This thesis examines the use of light and dark imagery throughout T. S. Eliot’s literary career; in his poetry (Inventions of the March Hare, Prufrock and Other Observations, The Waste Land, Ash-Wednesday, Four Quartets) and in his dramatic works (The Rock, Murder in the Cathedral, The Family Reunion). The aim of this thesis is twofold. Firstly, it aims to show how, by an attentive analysis of light and dark imagery in Eliot’s works, it is possible to discern a continuous pattern of light and dark correlation and opposition throughout his oeuvre, which can be interpreted in historical, biographical, and existential terms.
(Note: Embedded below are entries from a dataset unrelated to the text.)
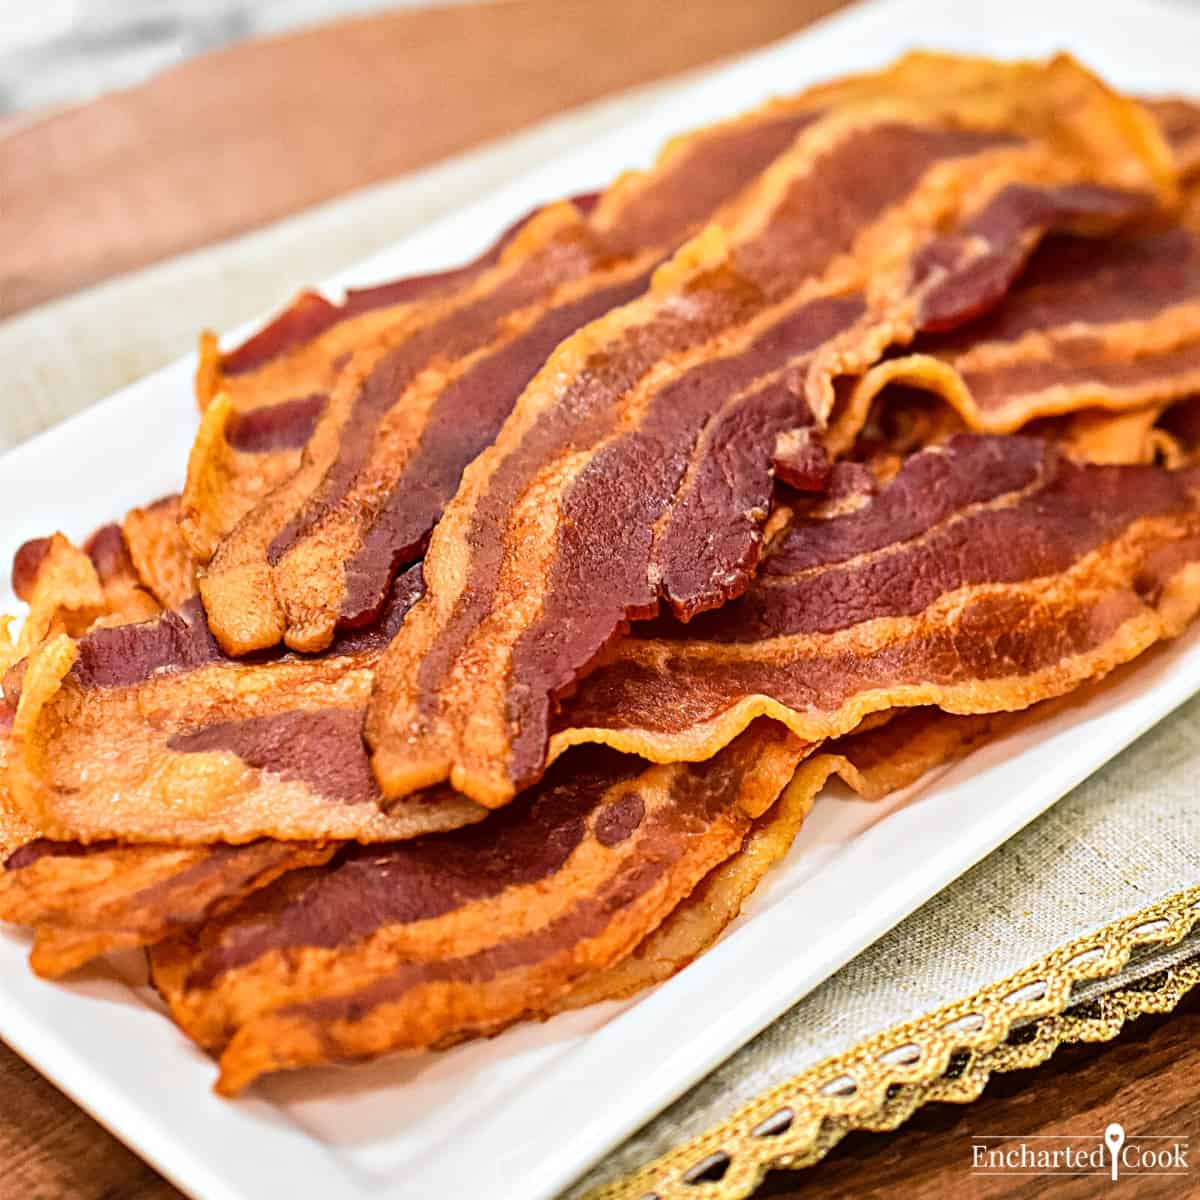 Close up view of cooked bacon on a white plate with a beige linen napkin.
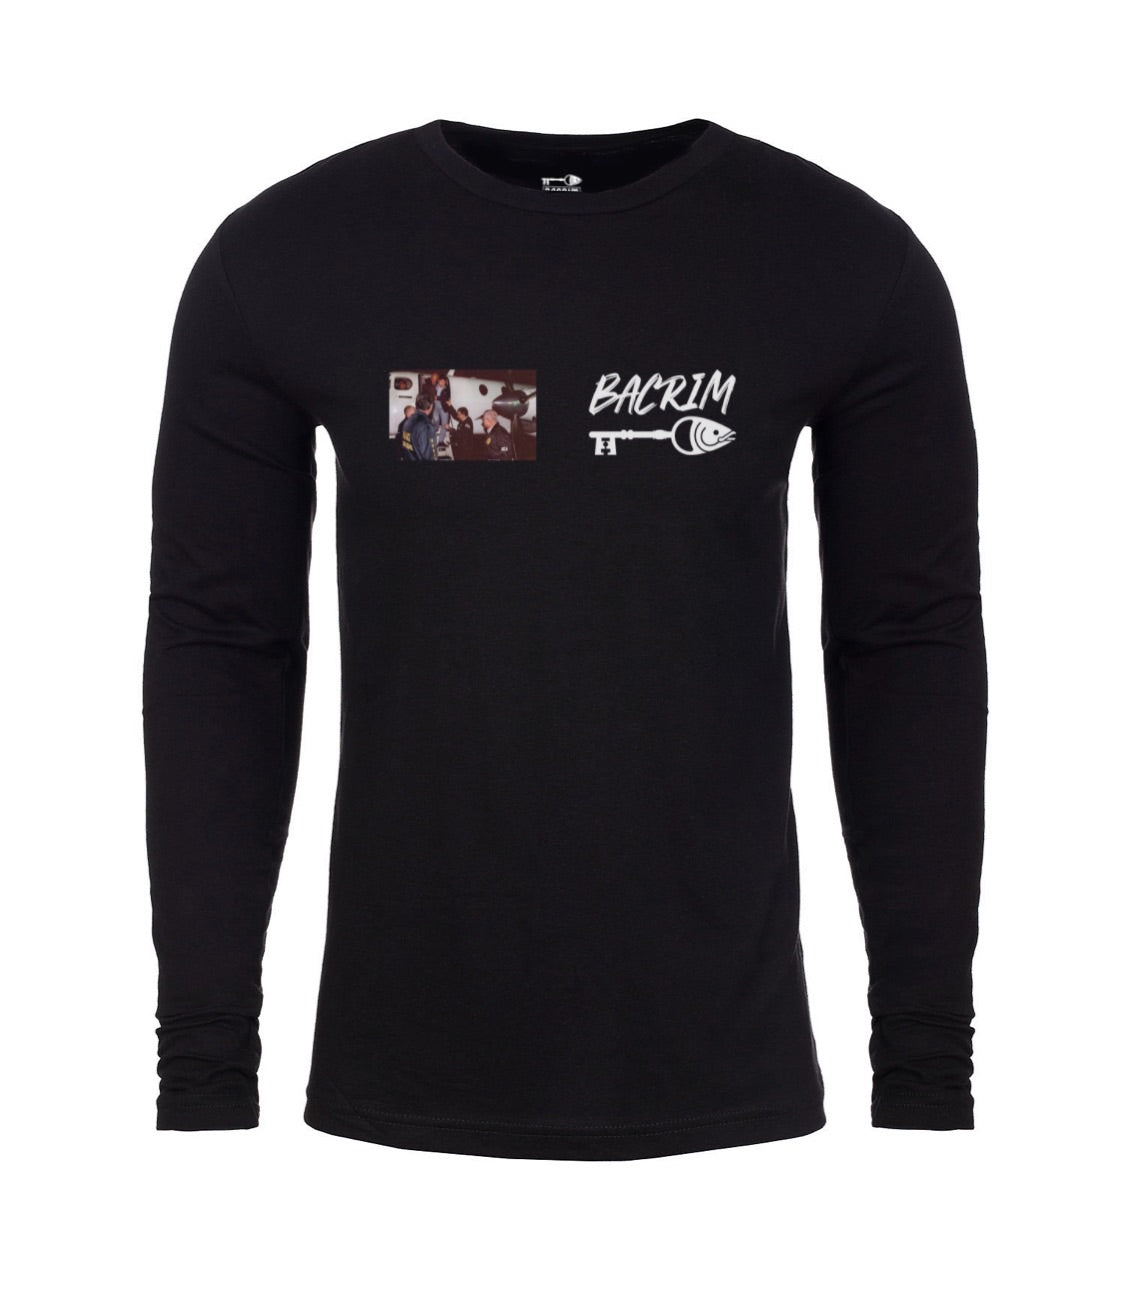 Extradition Tour Long Sleeve
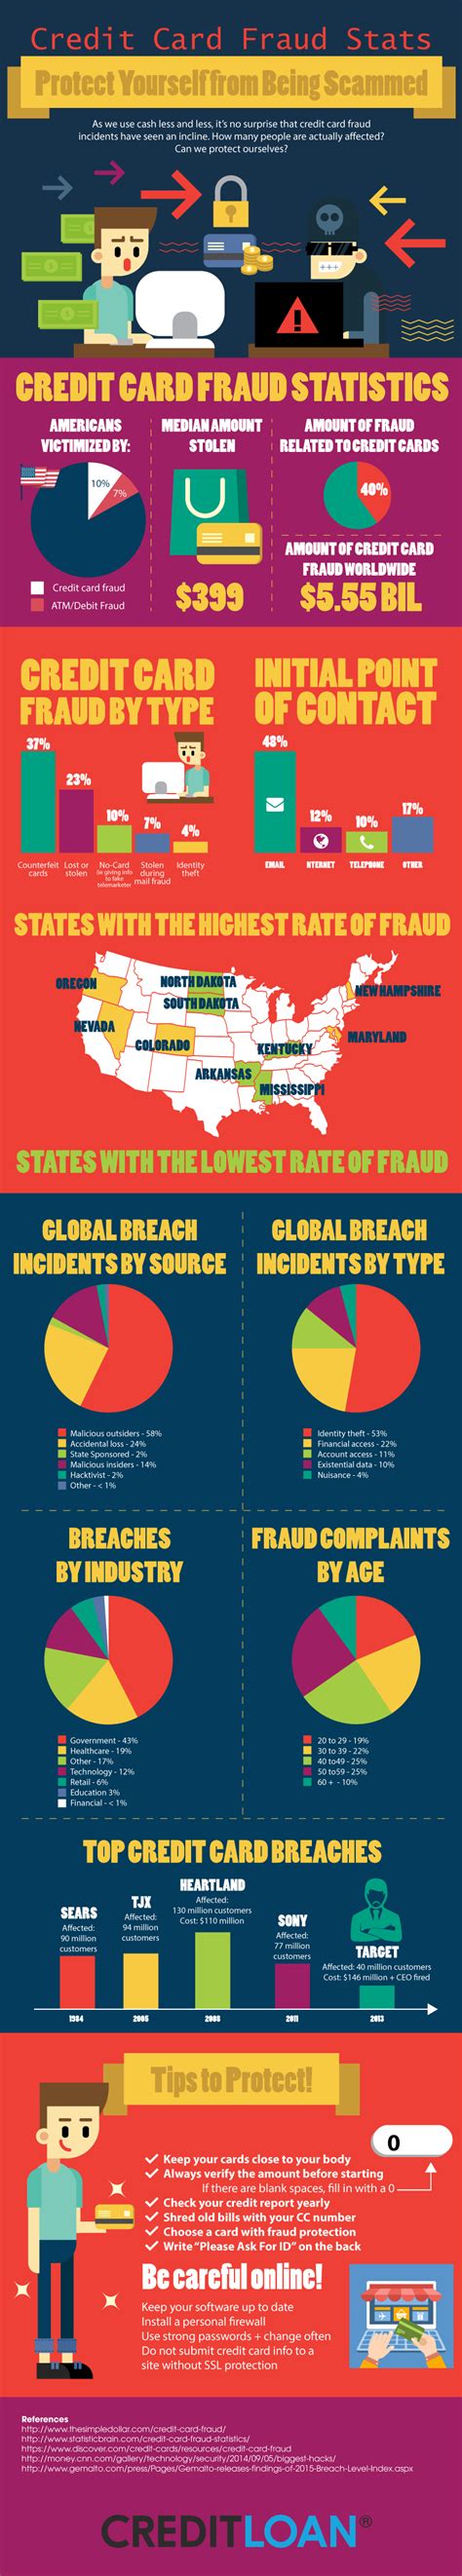 Credit card fraud is any kind of theft or fraud that involves a credit card. Credit Card Fraud Stats - Protect Yourself from Being Scammed - SavingAdvice.com Blog

Secondly, this thesis seeks to explain poetry qua poetry, with the light and dark imagery proving a remarkable path of investigation, in which to understand Eliot’s poetry and its important relationship with his own literary “debts”. If, on the one hand, many critics have considered the importance of light and dark imagery in Eliot’s most significant poetical work after his religious conversion, Four Quartets, as an important turn to mysticism and religion, this has too often been perceived as a sudden change in his beliefs and in his poetics, rather than as a gradual development. The presence of light and dark images in Eliot’s early poetry, as well as in his earlier masterpiece The Waste Land, shows how Eliot had consciously imagined a path of light throughout his oeuvre, demonstrating his own preoccupations with regard to soul, rationality, and religion from his very early years as a poet. This thesis thus wants to fill a gap in the field of Eliot studies, where the importance of light and dark imagery in Eliot’s early poetry, as well as in his drama, and the connection of light and dark in Four Quartets with his other literary works, has been underestimated by previous scholars.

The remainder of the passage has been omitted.